## Problem description
Transcribe all the lines below exactly. Omit the pictures.

## Data provided
• • • • •
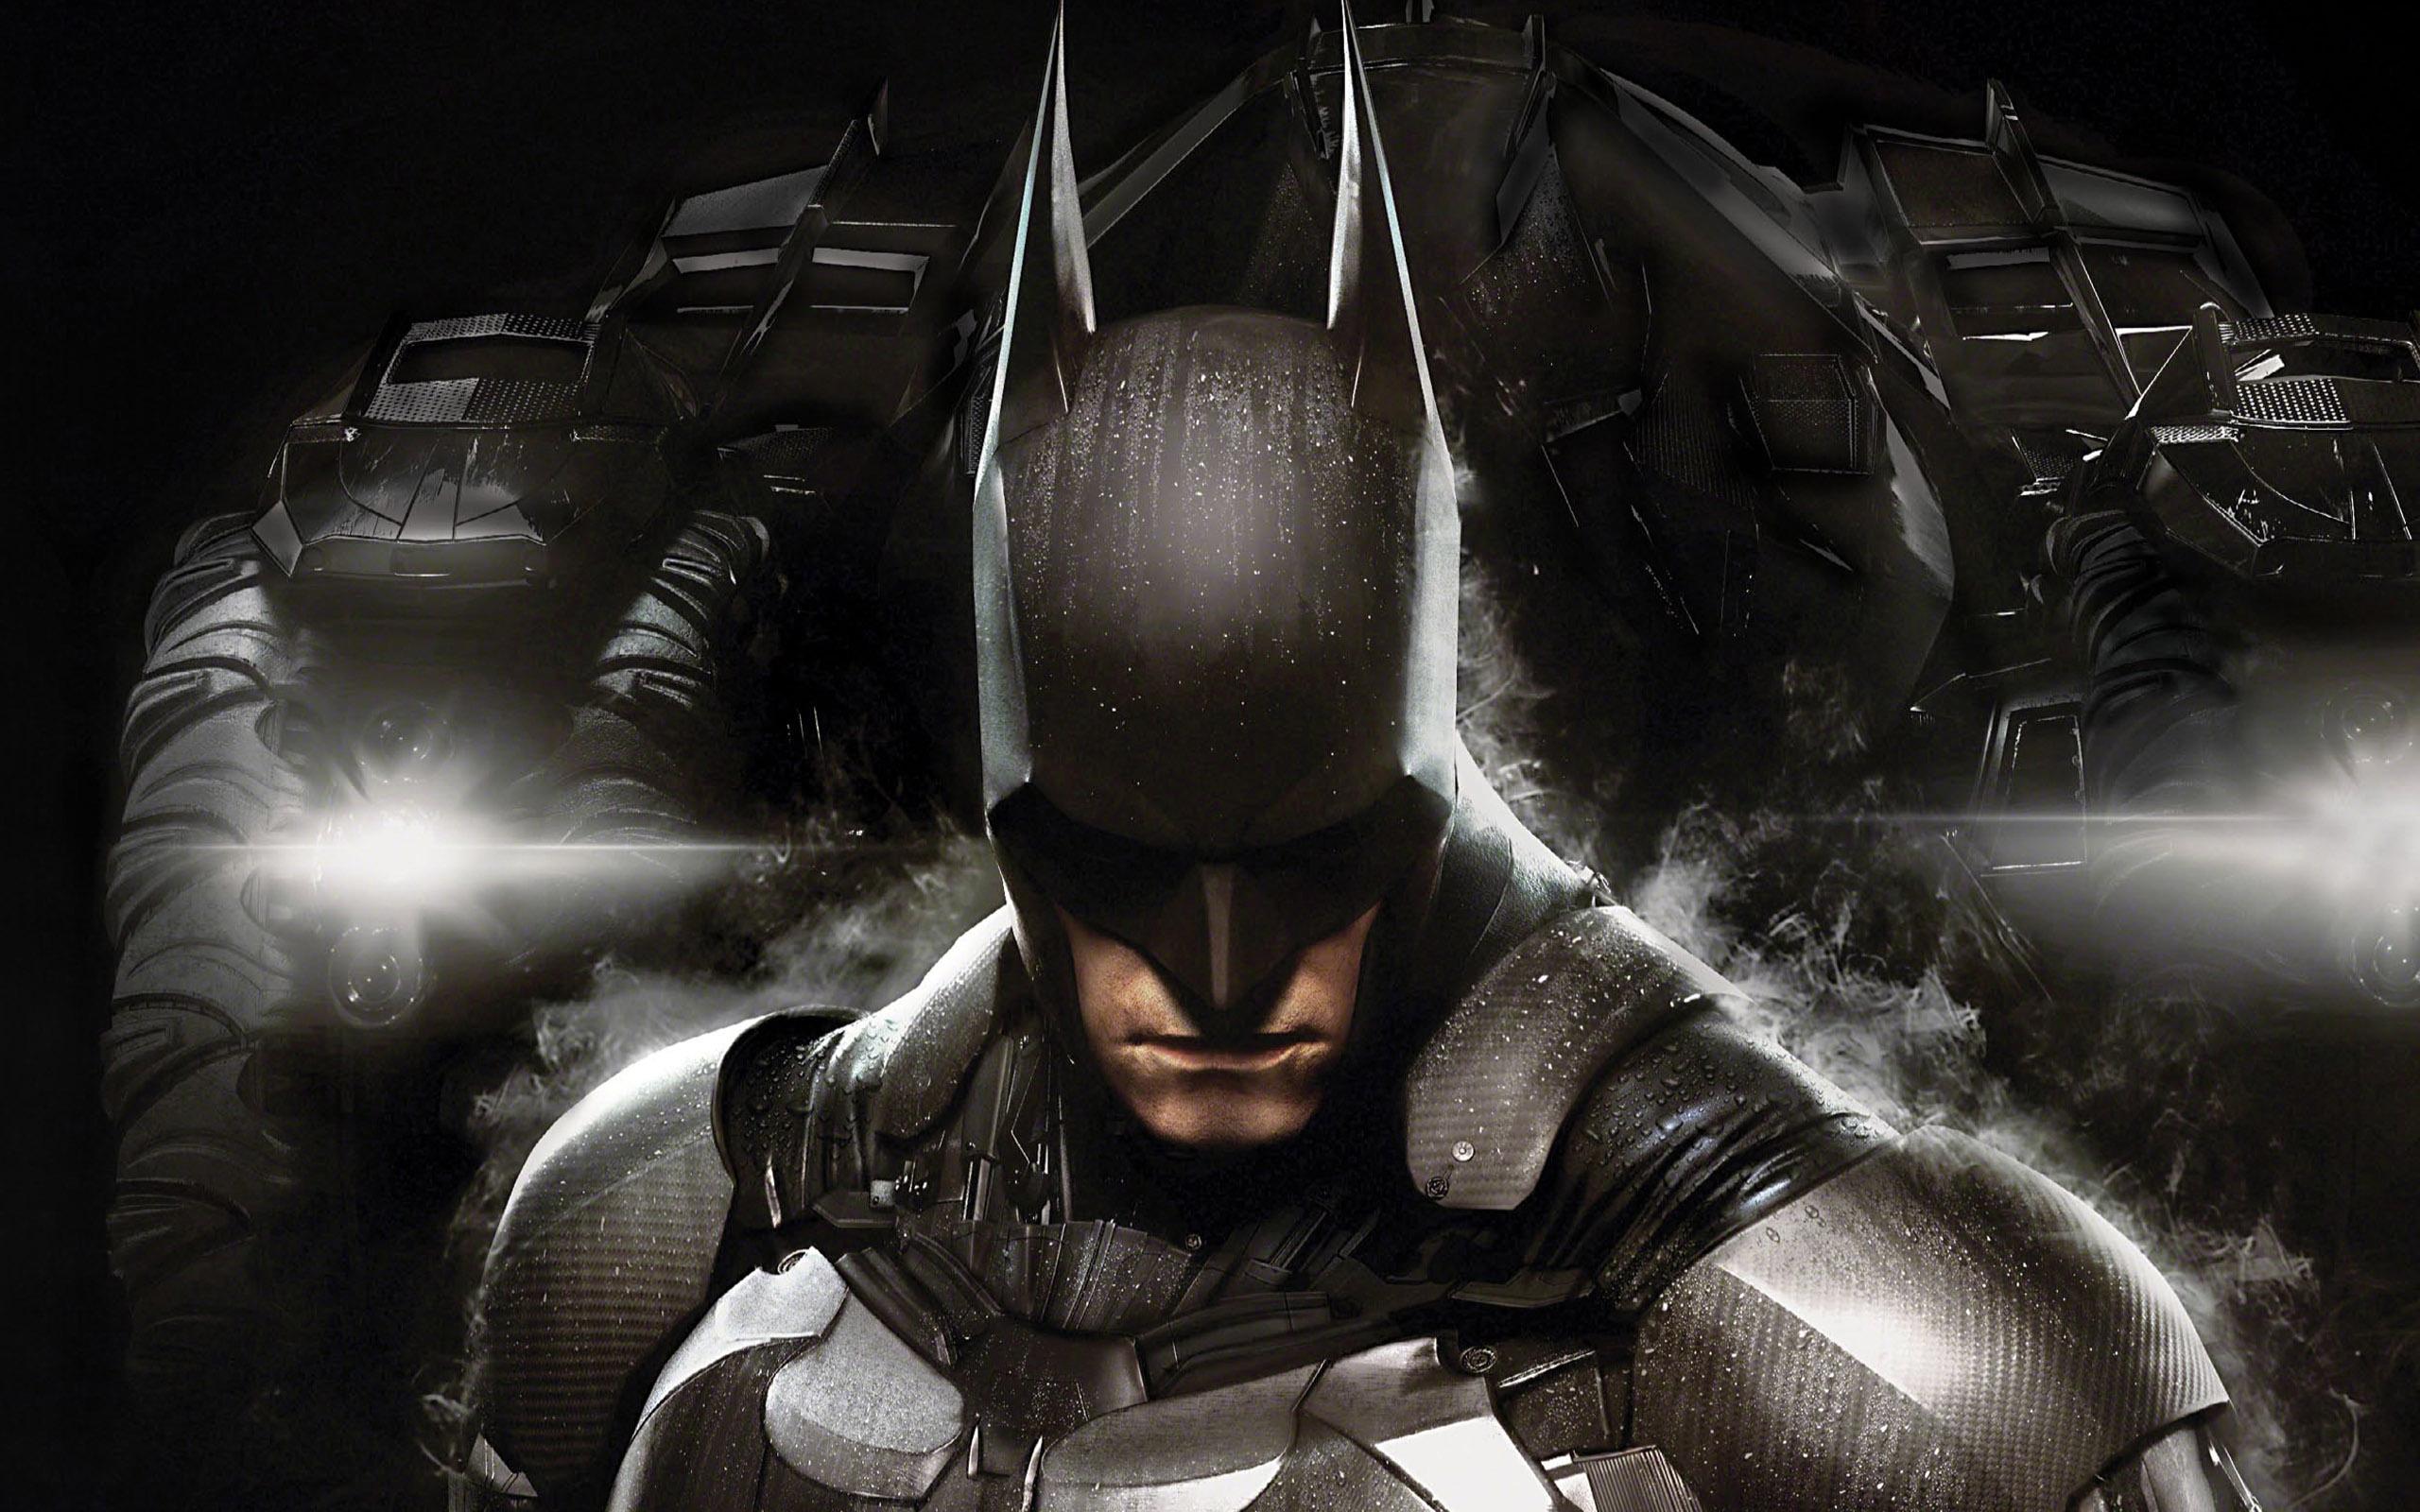 Tải ảnh người dơi Batman full HD
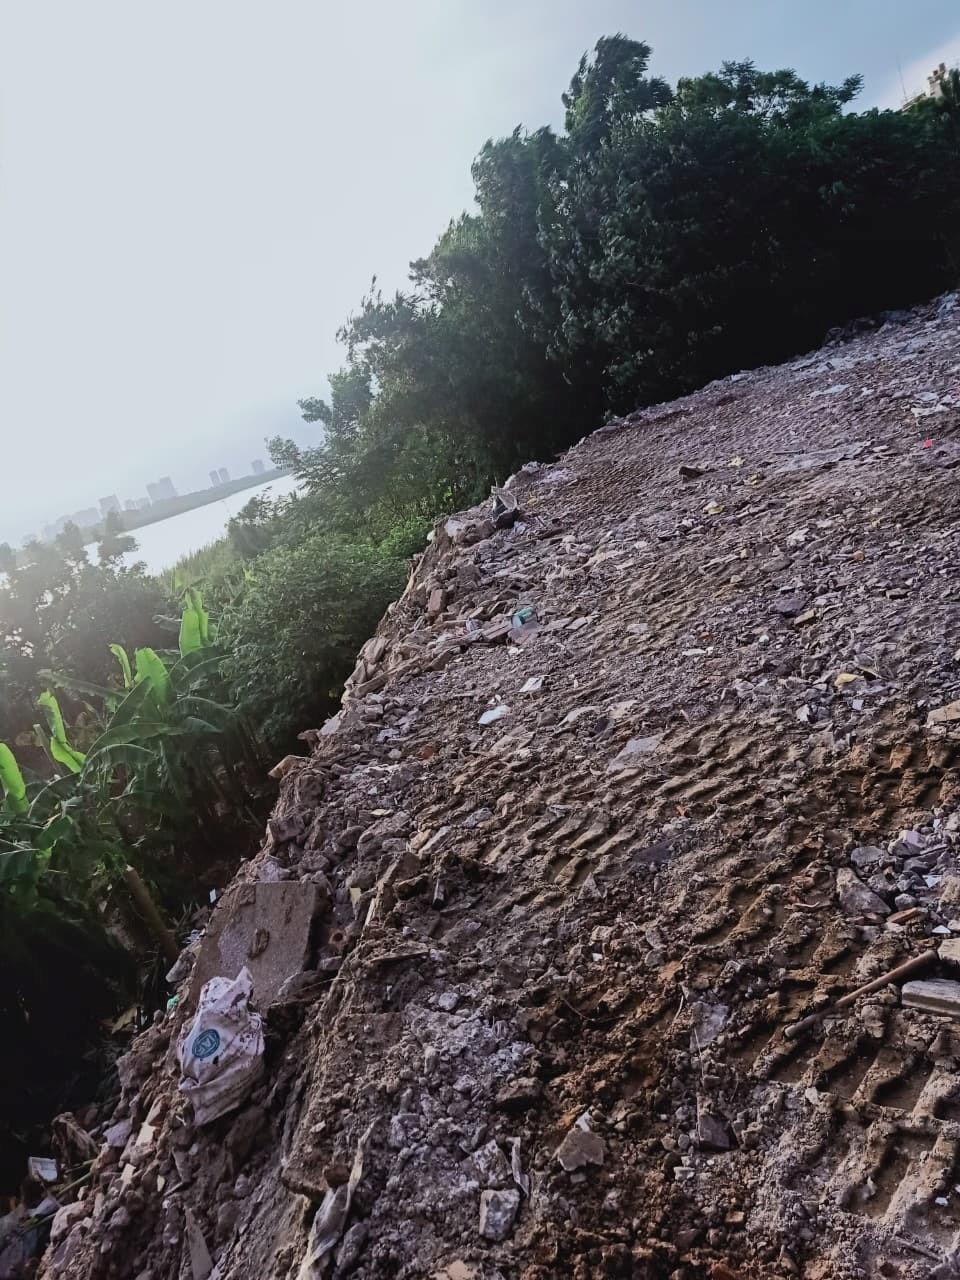 Hà Nội: Ngang nhiên đổ đất, xây dựng lấn chiếm trên hành lang thoát lũ - ảnh 1
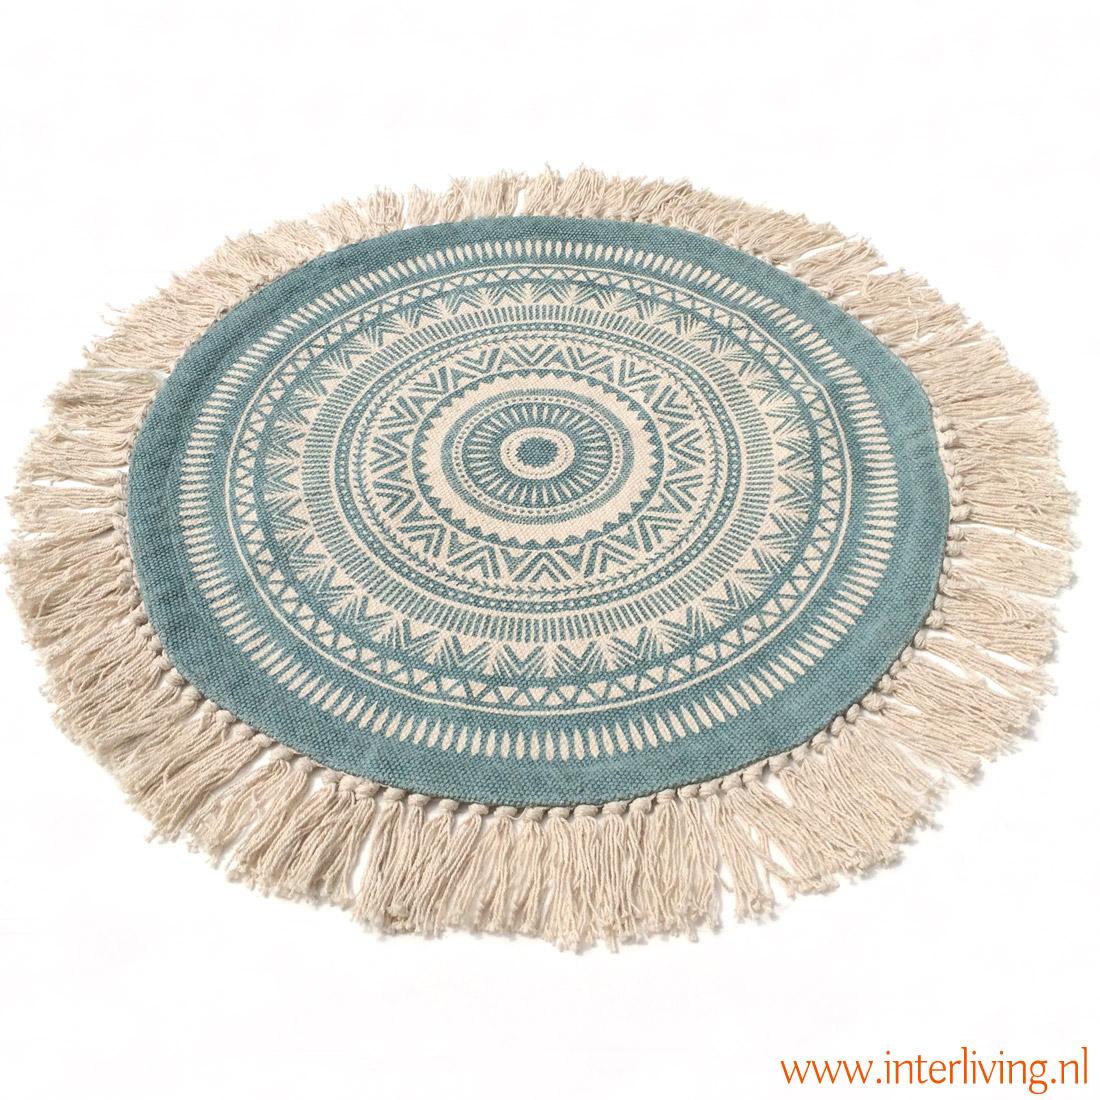 rond kleed oosters patroon in de kleur aqua en wit - rondies met kwastjes, hand geweven van katoen met print
• • • • •
## Task response
 Tải ảnh người dơi Batman full HD
 Hà Nội: Ngang nhiên đổ đất, xây dựng lấn chiếm trên hành lang thoát lũ - ảnh 1
 rond kleed oosters patroon in de kleur aqua en wit - rondies met kwastjes, hand geweven van katoen met print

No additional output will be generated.